Madison is now quickly grabbing the attention of many for its affordable housing options and improving crime rates. The location allows families to live adjacent to the more affluent neighborhoods, at a much lower cost. The average price of homes located in Madison is $250K. The area is currently home to a selection of local favorite restaurants, such as Smeraldos and Arigato Sayonara. Additional growth is evident for Madison, as the location is also slated for Nashville’s first light rail line, providing a direct connection to downtown.
Southeast Nashville - Antioch
The neighborhood of Antioch gained its name from the Antioch First Baptist Church back in 1810. In the beginning, the small town was predominantly occupied by local farmers. However, the expansion of the Nashville sewer system in the 1970s drove up the residential population. Over the years, Antioch began gaining a bad rep for its increasing crime rates.
The breaking point occurred in 2017 when the community faced a mass shooting at a local church.

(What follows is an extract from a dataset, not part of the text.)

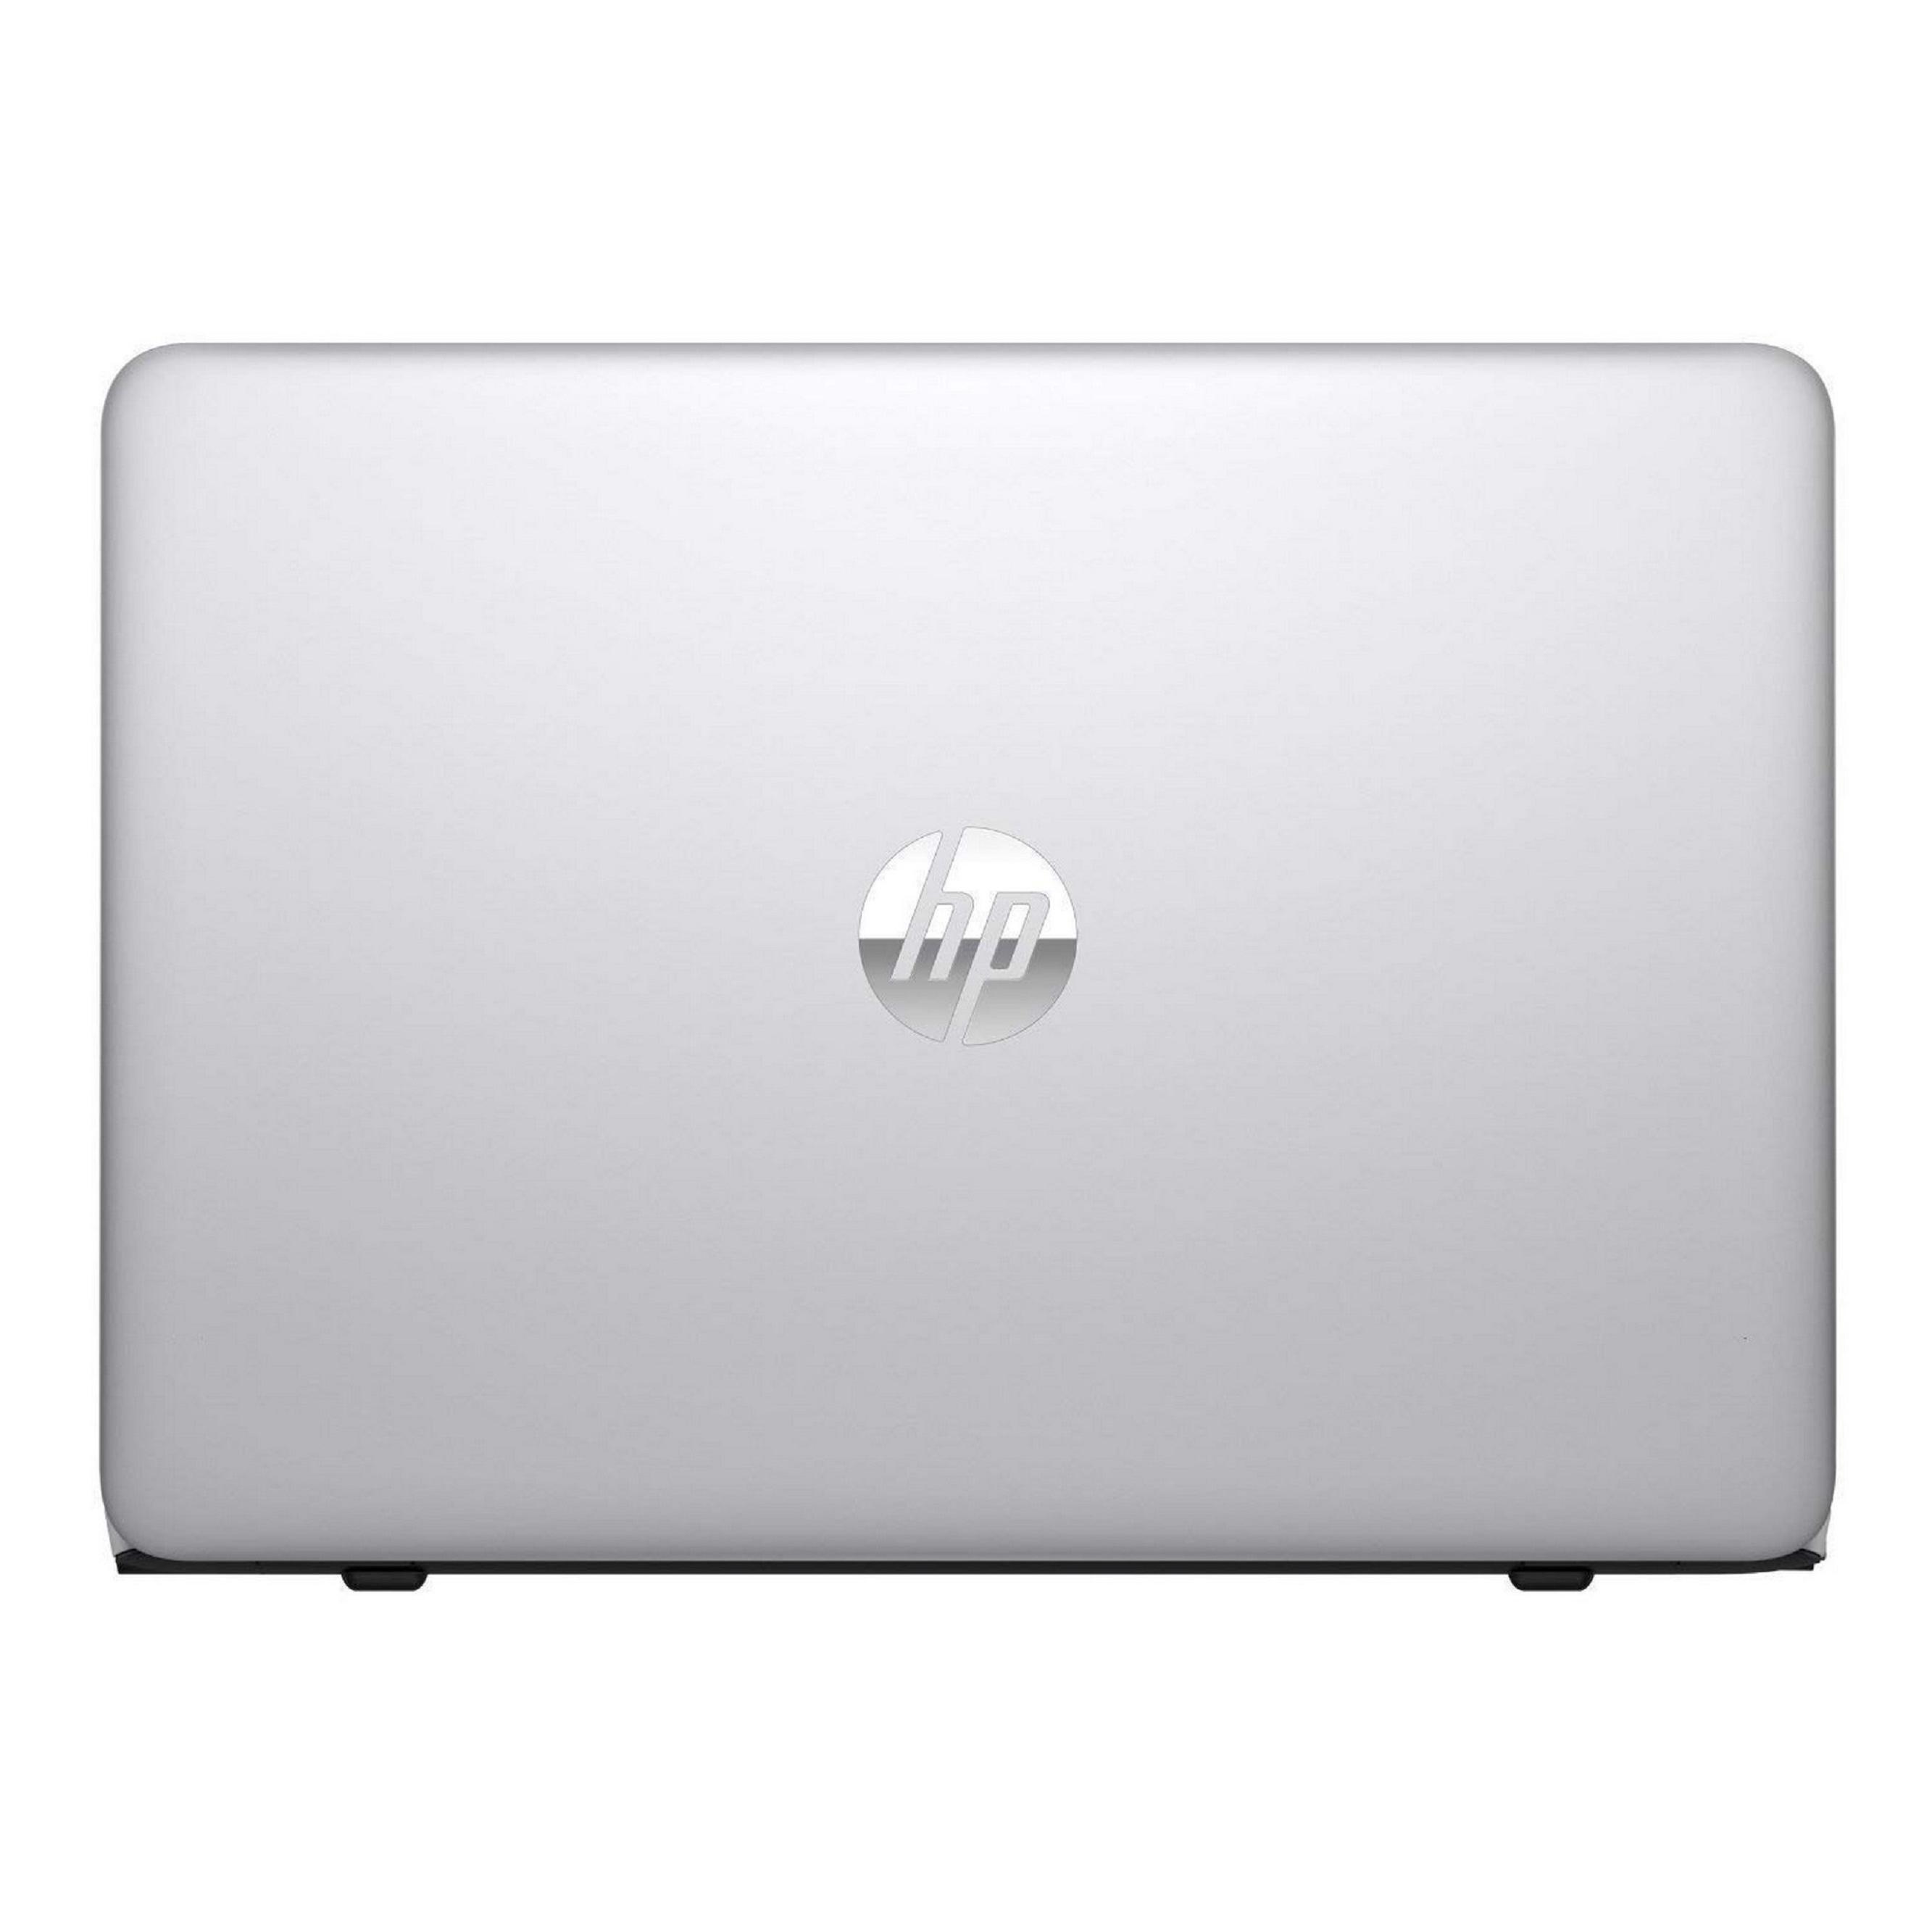 Hp EliteBook 840 G3 14-inch (2015) - Core i7-6600U - 16 GB - SSD 512 GB

Following the shooting, Antioch saw an increase in local law enforcement and an improvement in its crime. As the community grew stronger and safer, commercial and corporate businesses began to make a comeback and open throughout the neighborhood. The area has now become a hub for job opportunities and is the second-largest employment center in Nashville.
The demand for real estate in the neighborhood is quickly growing, and housing costs are rising along with its popularity. The average price of homes in Antioch is between $225K - $260K. While you can surely find new construction, the majority of the market consists of homes built in the later 1900s. Antioch is home to a number of diverse restaurants, ranging from Thai, Latin, Korean, and much more. The epic transformation of Antioch is not much of a kept secret anymore, and you’ll want to act fast if you’re considering living in this up and coming neighborhood.
What Factors Sparked These Neighborhoods’ Rise
The driving factors contributing to the rise of these emerging neighborhoods include their close proximity to downtown Nashville and relatively affordable housing. Several locals in Nashville have a strong desire to live near the city’s urban center but are also on the hunt for the best bargain. In addition, each of these neighborhoods benefits from also having a developed surrounding area, furthering the appeal for the general location.
Our Final Thoughts
As the demand for living in Music City continues to rise, we can expect to see more up and coming neighborhoods pop up. While at first, you may have to compromise a few aspects in a transitioning neighborhood, purchasing a home at the right time and price can also be an excellent investment. For now, we’re keeping our eyes on these 5 new neighborhoods in Nashville and can’t wait to watch them grow.